Disclosure Risks in Social Science Data
Alter briefly noted some of the factors that are increasing the risks of disclosure in social science data and, in particular, in data from which direct identifiers have been removed so that the data seem to be anonymous. As other speakers had noted, even with de-identified data it can be possible to identify individuals from the information that remains in the dataset, and several trends are increasing concerns about re- identification. One is that more and more research is being done with geocoded data, he noted. Another is increasing use of longitudinal datasets, such as the Health and Retirement Survey, “where the accumulation of information about each individual makes them identifiable,” he said. Finally, many datasets have multiple levels—data on student, teacher, school, and school district, for example, or on patient, clinic, and community—which can make it possible to identify individuals by working down from the higher levels.

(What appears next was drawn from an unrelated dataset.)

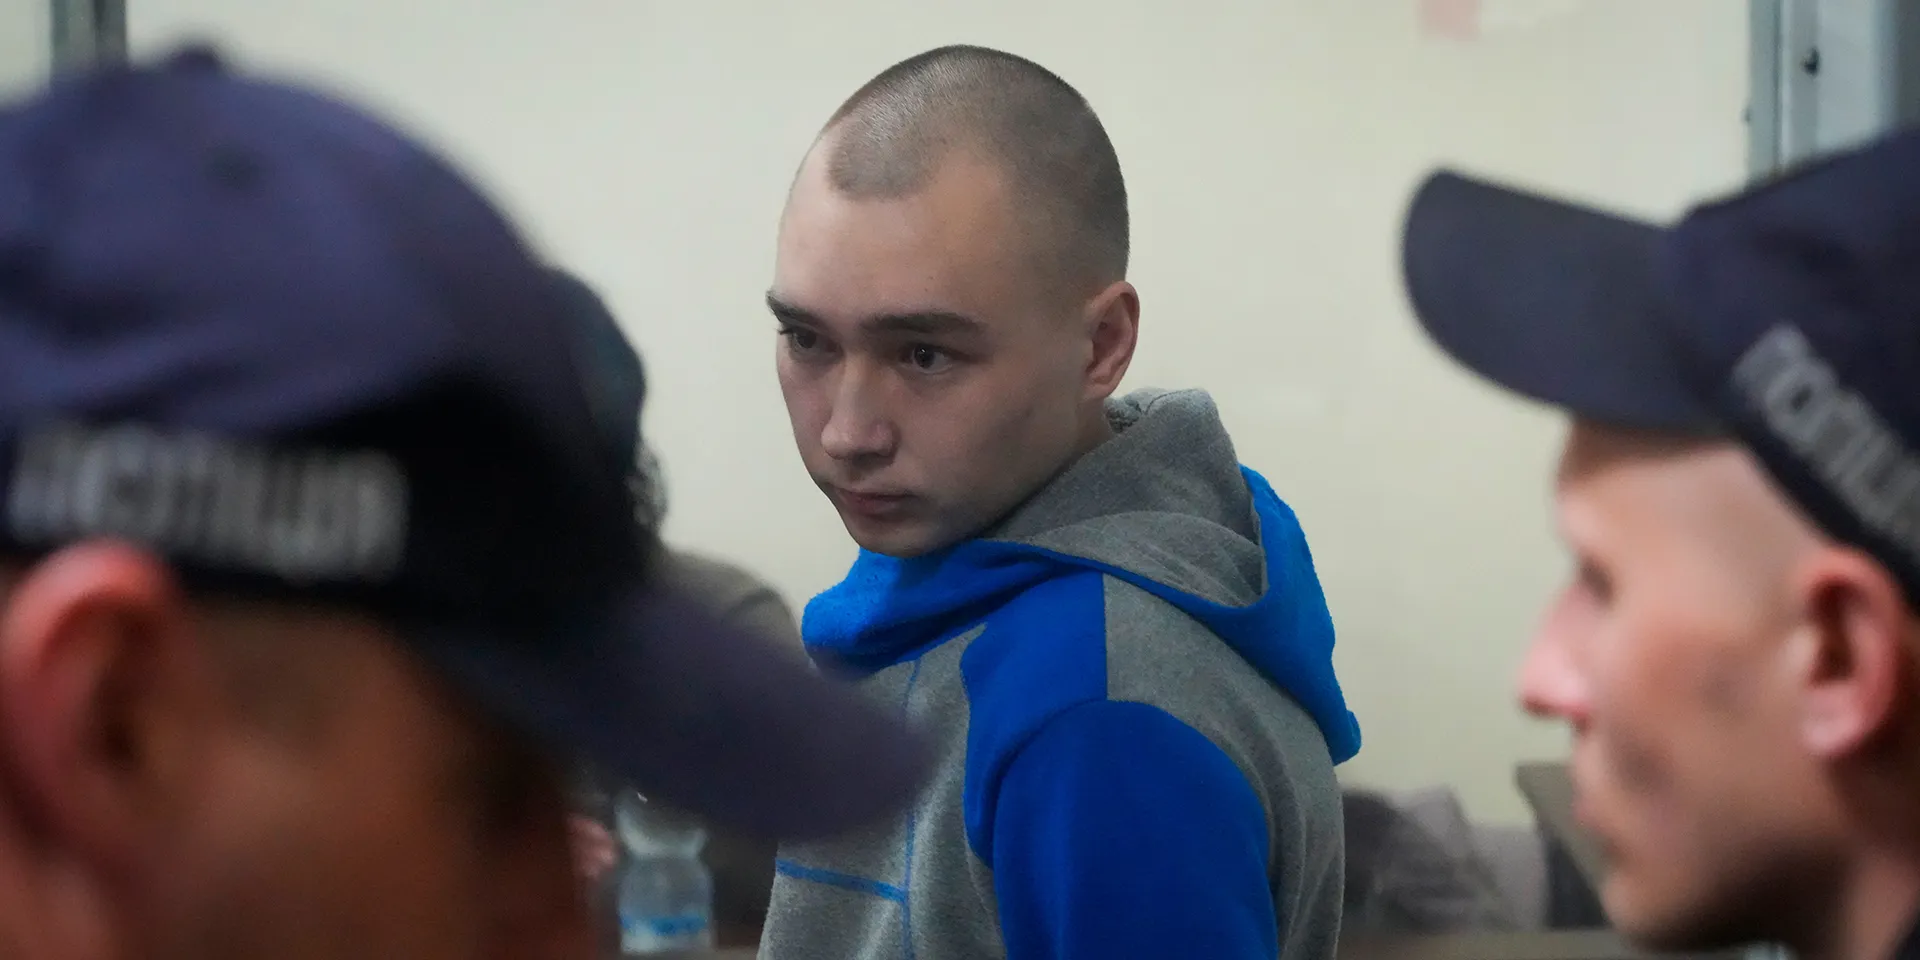 Первый российский солдат признал вину в убийстве мирного жителя
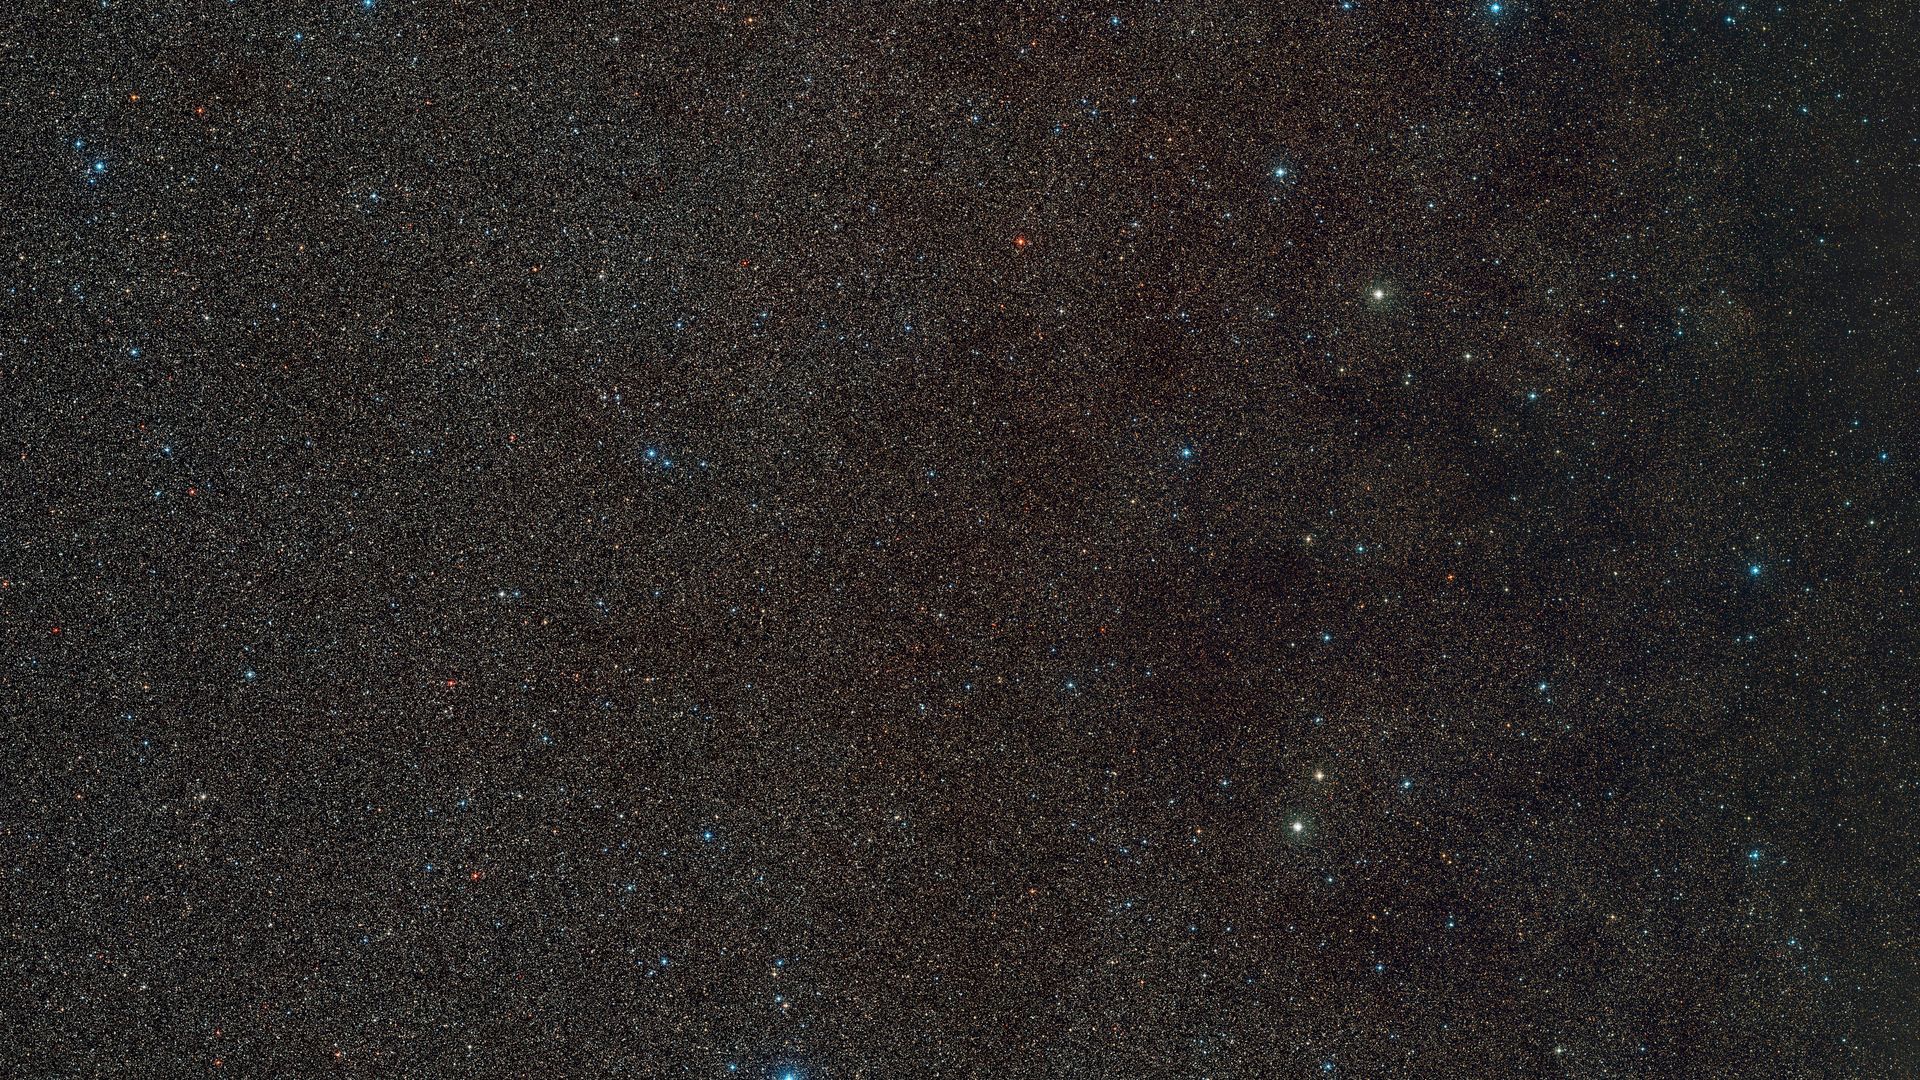 astronomie: gewaltiges schwarzes loch in der milchstraße entdeckt

Protecting Confidential Data
With respect to protecting confidential data, Alter said, it is useful to think in terms of a framework that considers protecting confidentiality with four different but complementary approaches: safe data, safe places, safe people, and safe outputs. “You can approach making data safe in all of these different ways,” he said, “and in general we try to do some of each.”
It is possible to take steps to make data safer both before and after they are collected. Before data are collected, one can design studies in such a way that disclosure risks are reduced. Researchers can, for example, carry out their studies at multiple sites because “a study that is designed in one location, especially when that location is known, is much more difficult to protect from disclosure risk than a national survey or a survey in multiple sites.” Researchers can also work to keep the sampling locations secret, releasing characteristics of the contexts without providing locations.
After the data are collected, there are many procedures that researchers can use to make the data more anonymous. They can group values, for instance, or aggregate over geographical areas. They can suppress unique cases or swap values, and there are a variety of more intrusive approaches, such as adding noise to the data or replacing real data with synthetic data that preserve the statistical relationships in the original data.